- MATERIAL FOR THIS TASK
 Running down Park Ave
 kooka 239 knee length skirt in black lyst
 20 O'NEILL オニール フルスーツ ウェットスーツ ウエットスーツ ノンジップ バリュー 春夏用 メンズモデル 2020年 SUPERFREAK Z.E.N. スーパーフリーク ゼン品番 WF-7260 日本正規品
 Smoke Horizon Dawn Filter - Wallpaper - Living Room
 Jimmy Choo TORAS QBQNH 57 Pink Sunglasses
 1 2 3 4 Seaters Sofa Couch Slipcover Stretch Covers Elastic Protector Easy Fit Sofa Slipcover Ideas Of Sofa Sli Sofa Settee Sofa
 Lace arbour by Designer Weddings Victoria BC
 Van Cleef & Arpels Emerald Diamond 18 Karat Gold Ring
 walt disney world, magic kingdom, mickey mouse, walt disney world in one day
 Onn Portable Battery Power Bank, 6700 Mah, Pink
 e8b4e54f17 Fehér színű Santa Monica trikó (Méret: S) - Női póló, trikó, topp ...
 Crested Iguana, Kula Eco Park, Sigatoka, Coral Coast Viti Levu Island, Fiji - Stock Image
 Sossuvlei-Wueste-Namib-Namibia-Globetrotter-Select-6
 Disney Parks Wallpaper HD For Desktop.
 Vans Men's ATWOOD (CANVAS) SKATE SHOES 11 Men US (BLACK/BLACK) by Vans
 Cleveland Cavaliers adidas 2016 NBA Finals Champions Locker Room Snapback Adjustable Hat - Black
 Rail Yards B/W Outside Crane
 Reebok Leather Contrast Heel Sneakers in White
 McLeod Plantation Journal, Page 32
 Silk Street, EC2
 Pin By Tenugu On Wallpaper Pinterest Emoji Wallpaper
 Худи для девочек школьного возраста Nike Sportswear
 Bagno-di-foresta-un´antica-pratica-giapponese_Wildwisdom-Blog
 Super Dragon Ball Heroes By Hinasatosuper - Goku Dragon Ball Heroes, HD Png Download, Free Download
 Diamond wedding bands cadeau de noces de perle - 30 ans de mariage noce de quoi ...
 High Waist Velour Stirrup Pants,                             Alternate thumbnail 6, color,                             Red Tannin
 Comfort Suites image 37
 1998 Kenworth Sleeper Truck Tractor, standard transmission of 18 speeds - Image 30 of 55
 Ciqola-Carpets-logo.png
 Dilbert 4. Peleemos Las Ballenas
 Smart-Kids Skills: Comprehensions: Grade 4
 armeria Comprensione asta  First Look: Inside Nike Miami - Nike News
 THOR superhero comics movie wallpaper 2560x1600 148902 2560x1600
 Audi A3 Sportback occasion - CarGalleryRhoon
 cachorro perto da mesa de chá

- TO DO
For this task, write out exactly the lines of the entries above, starting at the line with "Onn Portable Battery" and ending at the line with "Dilbert 4. Peleemos Las Ballenas", both included, and no others.

- EXERCISE RESPONSE
 Onn Portable Battery Power Bank, 6700 Mah, Pink
 e8b4e54f17 Fehér színű Santa Monica trikó (Méret: S) - Női póló, trikó, topp ...
 Crested Iguana, Kula Eco Park, Sigatoka, Coral Coast Viti Levu Island, Fiji - Stock Image
 Sossuvlei-Wueste-Namib-Namibia-Globetrotter-Select-6
 Disney Parks Wallpaper HD For Desktop.
 Vans Men's ATWOOD (CANVAS) SKATE SHOES 11 Men US (BLACK/BLACK) by Vans
 Cleveland Cavaliers adidas 2016 NBA Finals Champions Locker Room Snapback Adjustable Hat - Black
 Rail Yards B/W Outside Crane
 Reebok Leather Contrast Heel Sneakers in White
 McLeod Plantation Journal, Page 32
 Silk Street, EC2
 Pin By Tenugu On Wallpaper Pinterest Emoji Wallpaper
 Худи для девочек школьного возраста Nike Sportswear
 Bagno-di-foresta-un´antica-pratica-giapponese_Wildwisdom-Blog
 Super Dragon Ball Heroes By Hinasatosuper - Goku Dragon Ball Heroes, HD Png Download, Free Download
 Diamond wedding bands cadeau de noces de perle - 30 ans de mariage noce de quoi ...
 High Waist Velour Stirrup Pants,                             Alternate thumbnail 6, color,                             Red Tannin
 Comfort Suites image 37
 1998 Kenworth Sleeper Truck Tractor, standard transmission of 18 speeds - Image 30 of 55
 Ciqola-Carpets-logo.png
 Dilbert 4. Peleemos Las Ballenas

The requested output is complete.